Anthony C. Hooper - Executive VP-Global Commercial Operations

Management

As it's getting close to 6 PM on the East Coast markets, let's take two more questions.

Operator

Operator

Okay, your next question comes from the line of Ronny Gal with Bernstein. Aaron Gal - Sanford C. Bernstein & Co. LLC: Good afternoon and thank you for taking my questions. My question is about indication-based pricing in anti-TNF and the broader anti-inflammatory market. How do you guys think about this? Is this good, is this bad? Will it impact Enbrel in a positive way, maybe willing participants or less so, to see if you could give some color.

Anthony C. Hooper - Executive VP-Global Commercial Operations

Management

It's Tony. Let me respond to that one as best I can. First of all, Amgen has been really at the forefront of innovative solutions to improve patient access, including innovative contracting such as outcomes-based and risk-based contracting. We are partnering with payers on patient-centered approaches to ensure that patients get access to the best available medications, and that physicians make the right choice for the right patient, and at the same time the patient share of cost is manageable. As regards indication-specific contracts, I think it's too early at this stage to actually give any comment about what the impact could be.

Operator

Operator

Your final question comes from the line of Cory Kasimov with JPMorgan.
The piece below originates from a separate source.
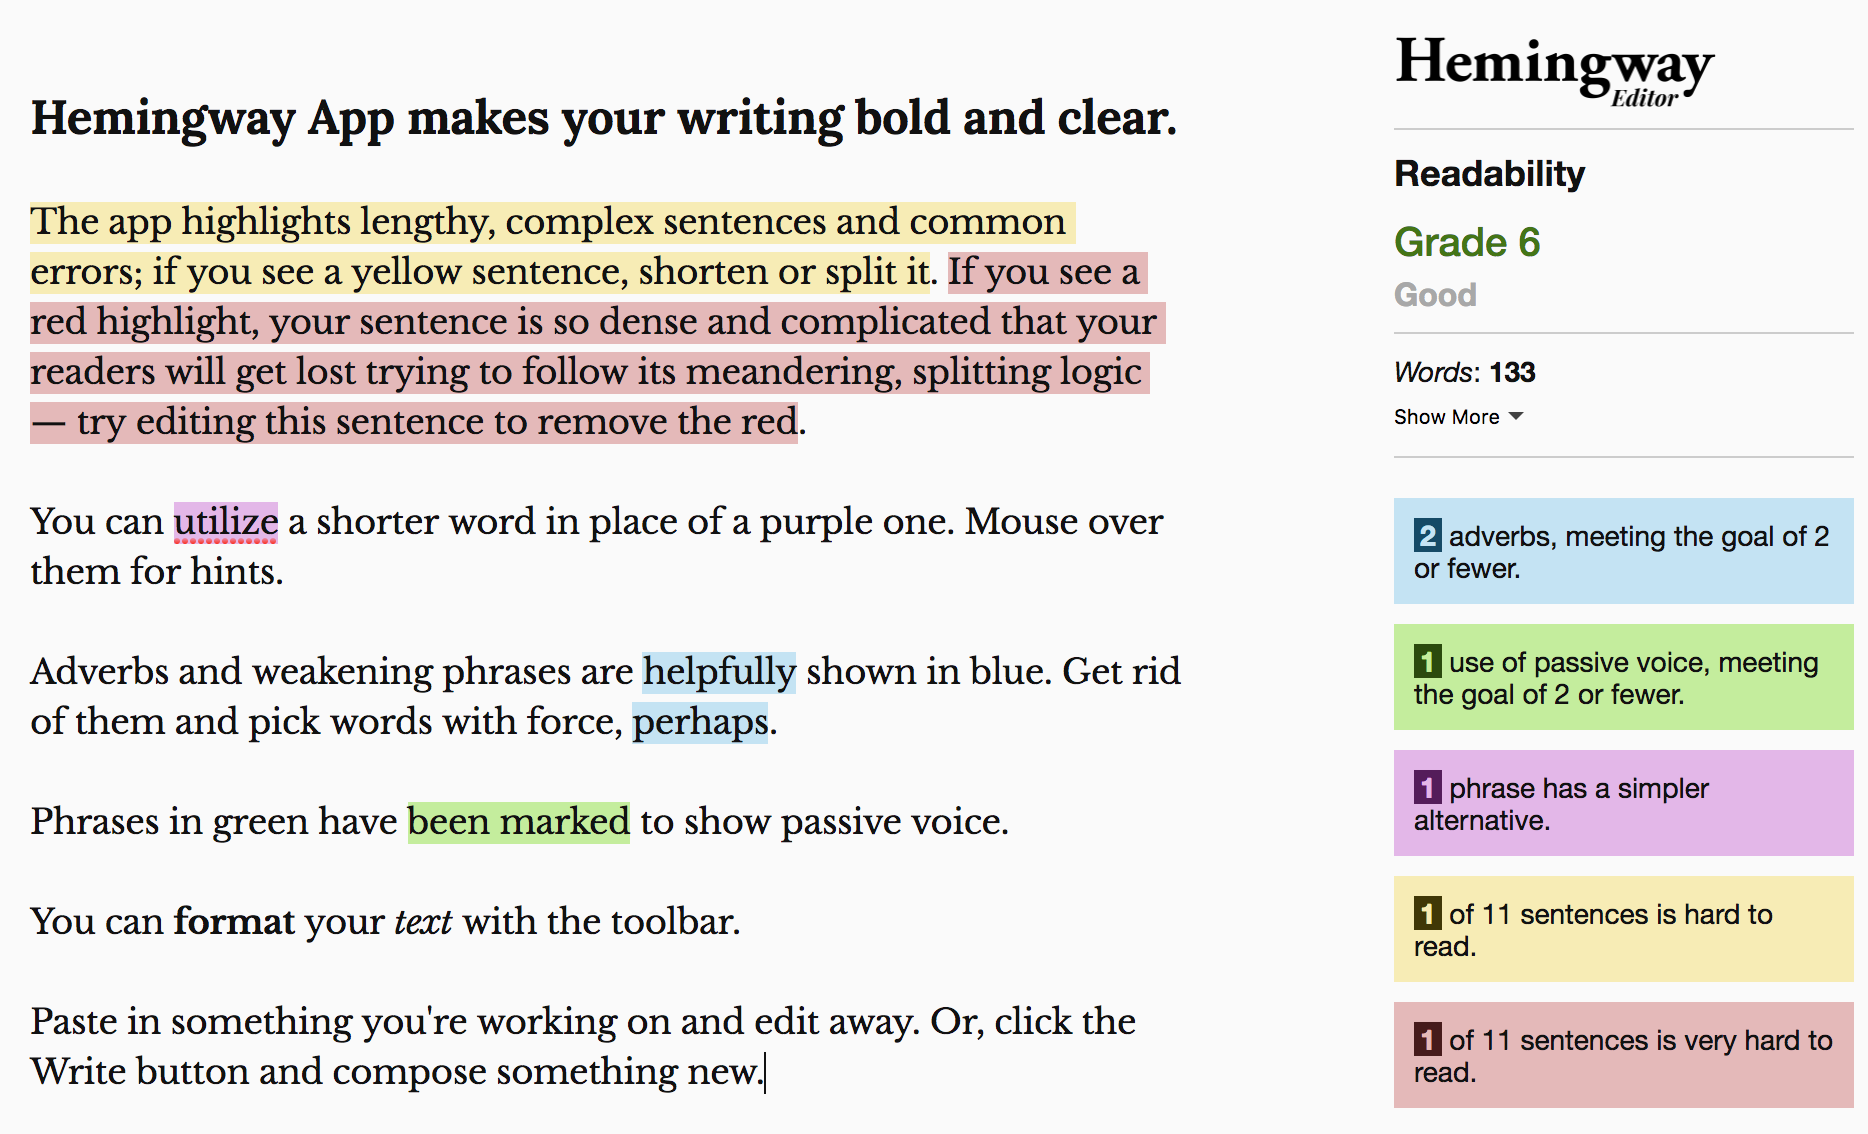 Check your SEO readability using the Hemingway App

Cory W. Kasimov - JPMorgan Securities LLC

Management

Hey, good afternoon, guys. Thanks for squeezing me in. I wanted to ask about pricing as well. I'm really curious on how we should be thinking about the sustainability of price increases in this environment. More specifically, when thinking about Enbrel and the four meaningful increases you've had in the last couple years, I assume you're not getting much pushback at the payer level to be able to push these through. But are you comfortable with us modeling this pace of increases to continue, as I think many were assuming this would tail off across the space given the rhetoric that's out there? Thanks.
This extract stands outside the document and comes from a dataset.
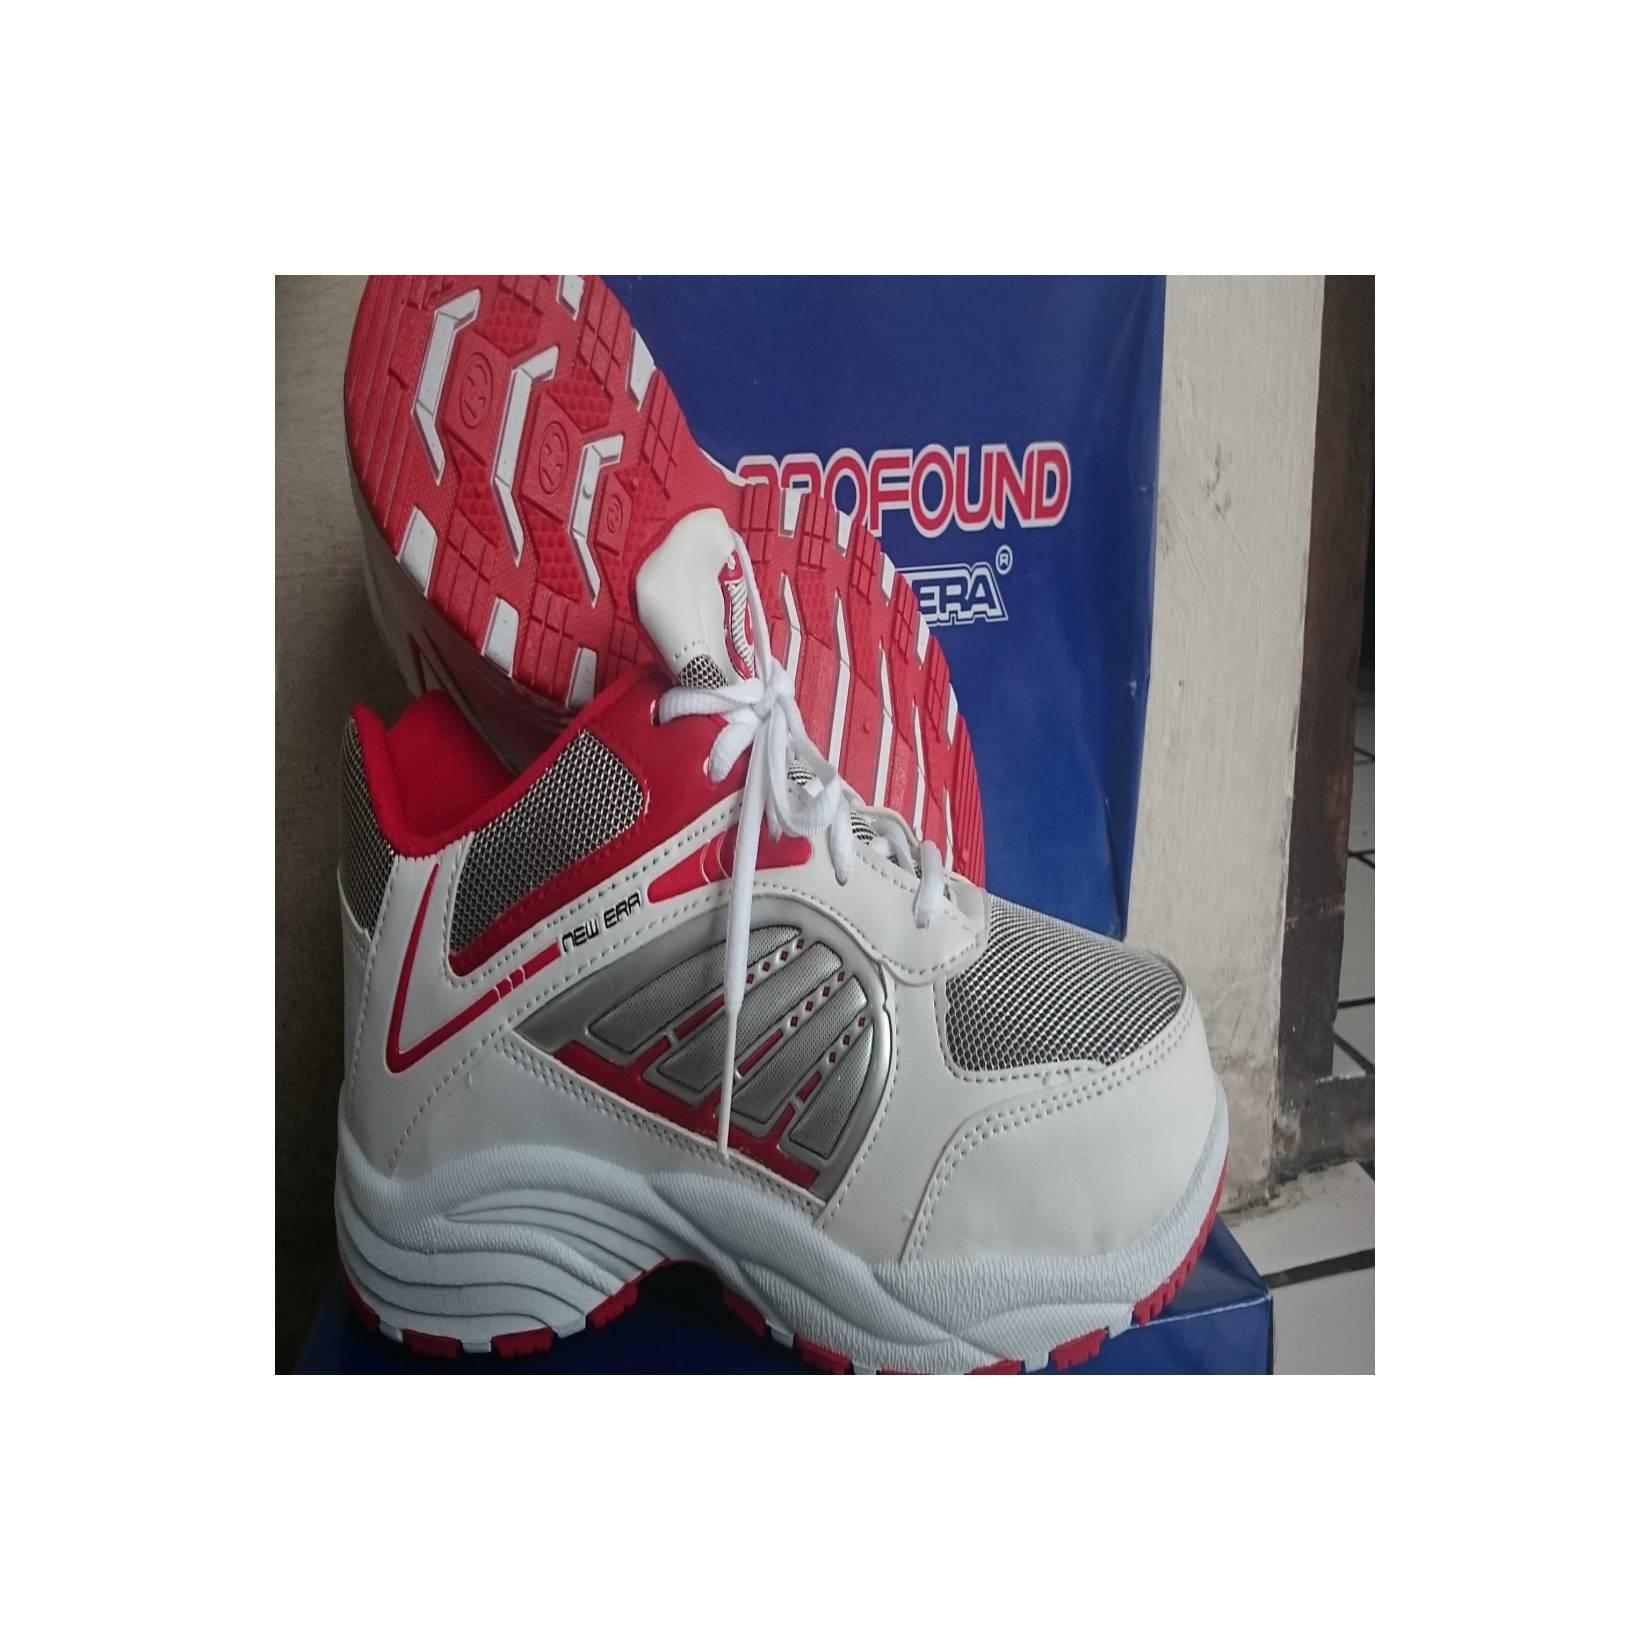 sepatu New Era / sepatu volly voli volley badminton mizuno asics att

Anthony C. Hooper - Executive VP-Global Commercial Operations

Management

So, Cory, again, a question that a lot of people are asking I'm sure. But as you know, we price our products based on the value in the marketplace, taking into account the value they bring to payers, to providers, to patients, the competitive landscape itself. Enbrel in particular of course competes in a highly competitive marketplace with several large players who are competing for formulary placements to enable patient access. The health plans and the PBMs negotiate price concessions and large rebates to gain formulary placement. Because of the magnitude of these rebates, price increases have become part of the competitive dynamic. That's about all I can tell you at the moment.

Arvind K. Sood - Vice President-Investor Relations

Management

Great. Thanks, Tony. I'd like to also thank everybody for your participation in our call. As you go through our results, if you have added questions, observations, feel free to reach out to me. Myself and my team will be around for several hours. Thanks again.

Operator

Operator

Ladies and gentlemen, this concludes Amgen's second quarter financial results conference call. You may now disconnect.